也许这行得通,我做了 rowSums(is.na()) 来按行列出有多少缺失的项目,然后按 ID、月份、颜色分组,并过滤到数量最少的行缺少:
library(dplyr)
dat<-data.frame("Month" = c("Jan", "Jan", "Jan", "Feb", "Feb", "Feb", "Mar"),
"Day" = c("Tue", "Tue", "Tue", "Thu", "Thu", "Thu", "Thu"),
"Year" = rep(2020,7),
"Color" = c(rep("Blue", 3), rep("Red", 4)),
"Weather" = c("Warm", "Warm", NA, NA, "Warm", "Warm", "Cold"),
"Location" = c("Hospital", rep(NA, 4), "Garden", "Desk"),
"Transporation" = c(rep(NA, 5), "Run", "Bus"),
"ID" = c(1, 1, 1, 2, 2, 2, 3)
)%>%
mutate(Missing = rowSums(is.na(.)))%>% #Making a sum of how many missing items per row
group_by(ID, Month, Color)%>%
filter(Missing == min(Missing))%>% #Filtering to the least amount of missing
ungroup()%>%
select(-Missing) #Removing the missing column as it was only used to filter
我们可以使用 order
到 select 按感兴趣的列分组后的第一个非 NA 元素
library(dplyr)
dat %>%
group_by(Month, Day, Year) %>%
summarise(across(everything(), ~ first(.[order(is.na(.))])), .groups = 'drop')
-输出
# A tibble: 3 x 8
Month Day Year Color Weather Location Transporation ID
<chr> <chr> <dbl> <chr> <chr> <chr> <chr> <dbl>
1 Feb Thu 2020 Red Warm Garden Run 2
2 Jan Tue 2020 Blue Warm Hospital <NA> 1
3 Mar Thu 2020 Red Cold Desk Bus 3
数据
dat <- structure(list(Month = c("Jan", "Jan", "Jan", "Feb", "Feb", "Feb",
"Mar"), Day = c("Tue", "Tue", "Tue", "Thu", "Thu", "Thu", "Thu"
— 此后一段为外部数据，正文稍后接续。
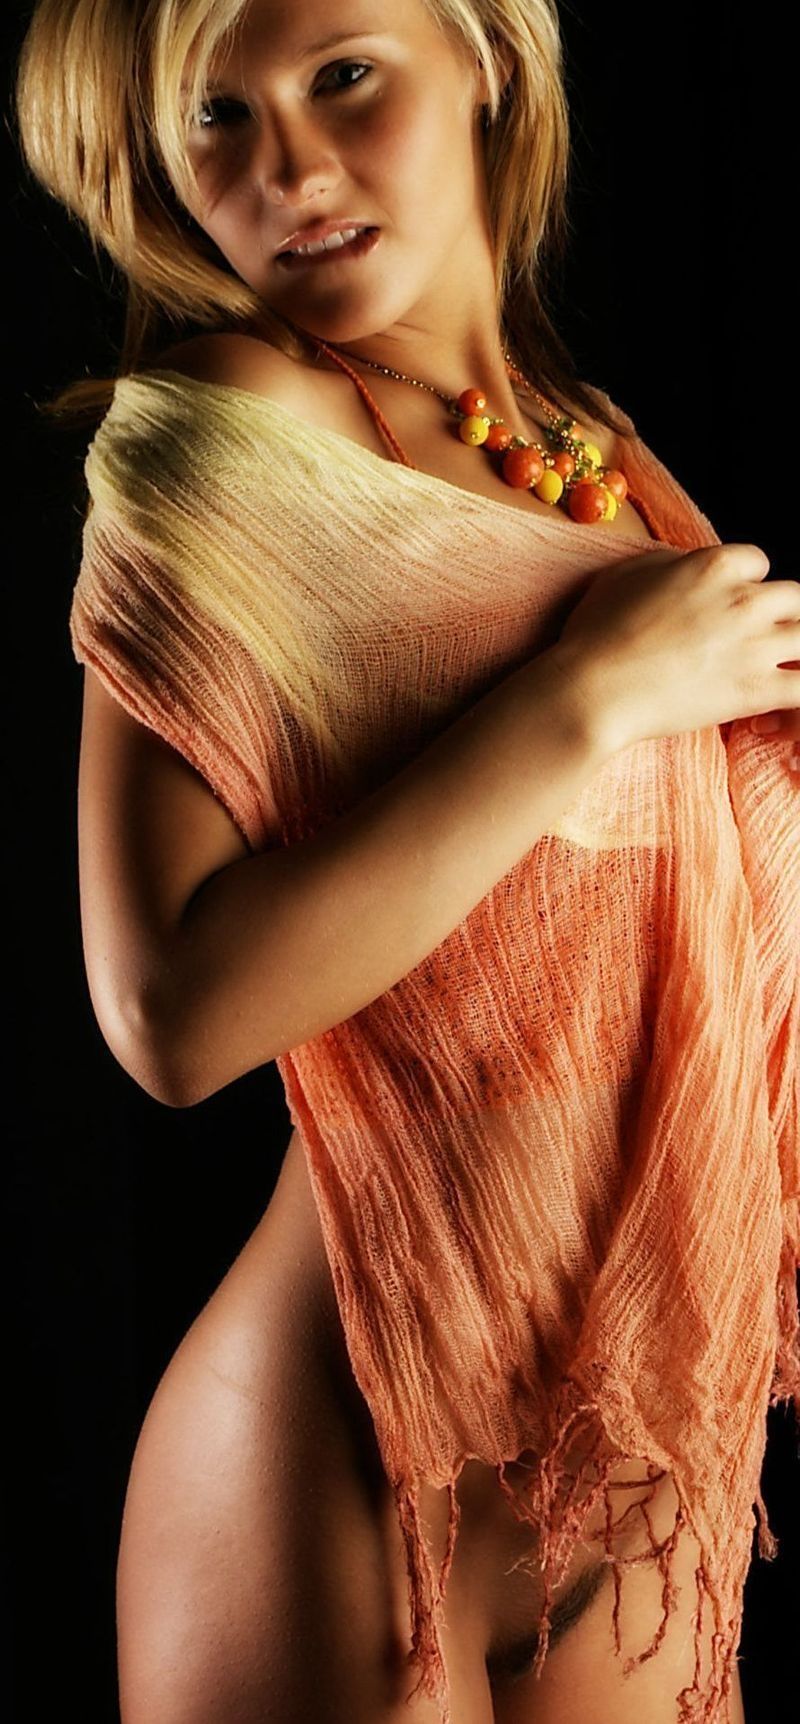 young blonde girl wearing orange knit shirt
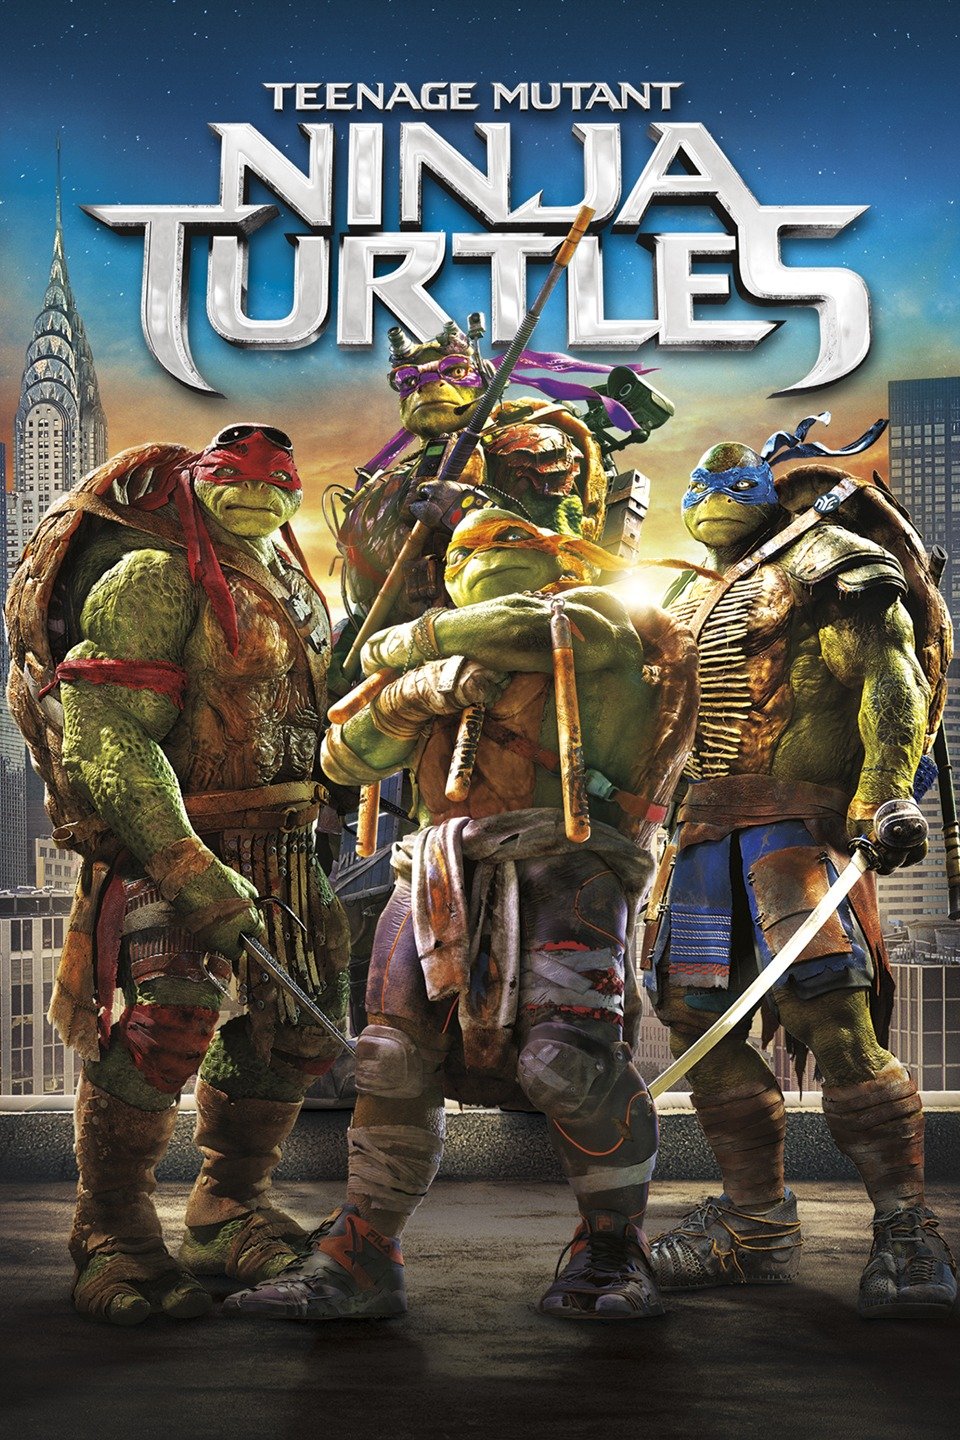 FFC: Teenage Mutant Ninja Turtles (LOW SENSORY)

), Year = c(2020, 2020, 2020, 2020, 2020, 2020, 2020), Color = c("Blue",
"Blue", "Blue", "Red", "Red", "Red", "Red"), Weather = c("Warm",
"Warm", NA, NA, "Warm", "Warm", "Cold"), Location = c("Hospital",
NA, NA, NA, NA, "Garden", "Desk"), Transporation = c(NA, NA,
NA, NA, NA, "Run", "Bus"), ID = c(1, 1, 1, 2, 2, 2, 3)), class = "data.frame", row.names = c(NA,
-7L))
使用 data.table 库,如果你的数据已经在 j:
j <- as.data.table(your_data)
j
Month Day Year Color Weather Location Transporation ID
<char> <char> <int> <char> <char> <char> <char> <int>
1: Jan Tue 2020 Blue Warm Hospital <NA> 1
2: Jan Tue 2020 Blue Warm <NA> <NA> 1
3: Jan Tue 2020 Blue <NA> <NA> <NA> 1
4: Feb Thu 2020 Red <NA> <NA> <NA> 2
5: Feb Thu 2020 Red Warm <NA> <NA> 2
6: Feb Thu 2020 Red Warm Garden Run 2
7: Mar Thu 2020 Red Cold Desk Bus 3
j$n_na <- apply(j, MARGIN = 1, function(x) sum(is.na(x)))
setorder(j,n_na)
k <- unique(j,by=c("ID","Month","Color"))
setorder(k,ID)
k
Month Day Year Color Weather Location Transporation ID n_na
<char> <char> <int> <char> <char> <char> <char> <int> <int>
1: Jan Tue 2020 Blue Warm Hospital <NA> 1 1
2: Feb Thu 2020 Red Warm Garden Run 2 0
3: Mar Thu 2020 Red Cold Desk Bus 3 0
毕竟 k 将根据您的要求保存数据。
此致,米格尔
我有一个看起来像这样的代码
Month| Day| Year| Color| Weather|Location|Transporation|ID
Jan Tue 2020 Blue Warm Hospital NA 1
Jan Tue 2020 Blue Warm NA NA 1
Jan Tue 2020 Blue NA NA NA 1
Feb Thu 2020 Red NA NA NA 2
Feb Thu 2020 Red Warm NA NA 2
Feb Thu 2020 Red Warm Garden Run 2
Mar Thu 2020 Red Cold Desk Bus 3
我希望它看起来像这样
Month| Day| Year| Color| Weather|Location| Transporation|ID
Jan Tue 2020 Blue Warm Hospital NA 1
Feb Thu 2020 Red Warm Garden Run 2
Mar Thu 2020 Red Cold Desk Bus 3
基本上我想通过选择三个 c(ID,Month,Color)
来确定列是否重复。一旦确定重复项,我希望它删除具有最多 NA 或“最少完成”的那个,因为在较少的列中填充。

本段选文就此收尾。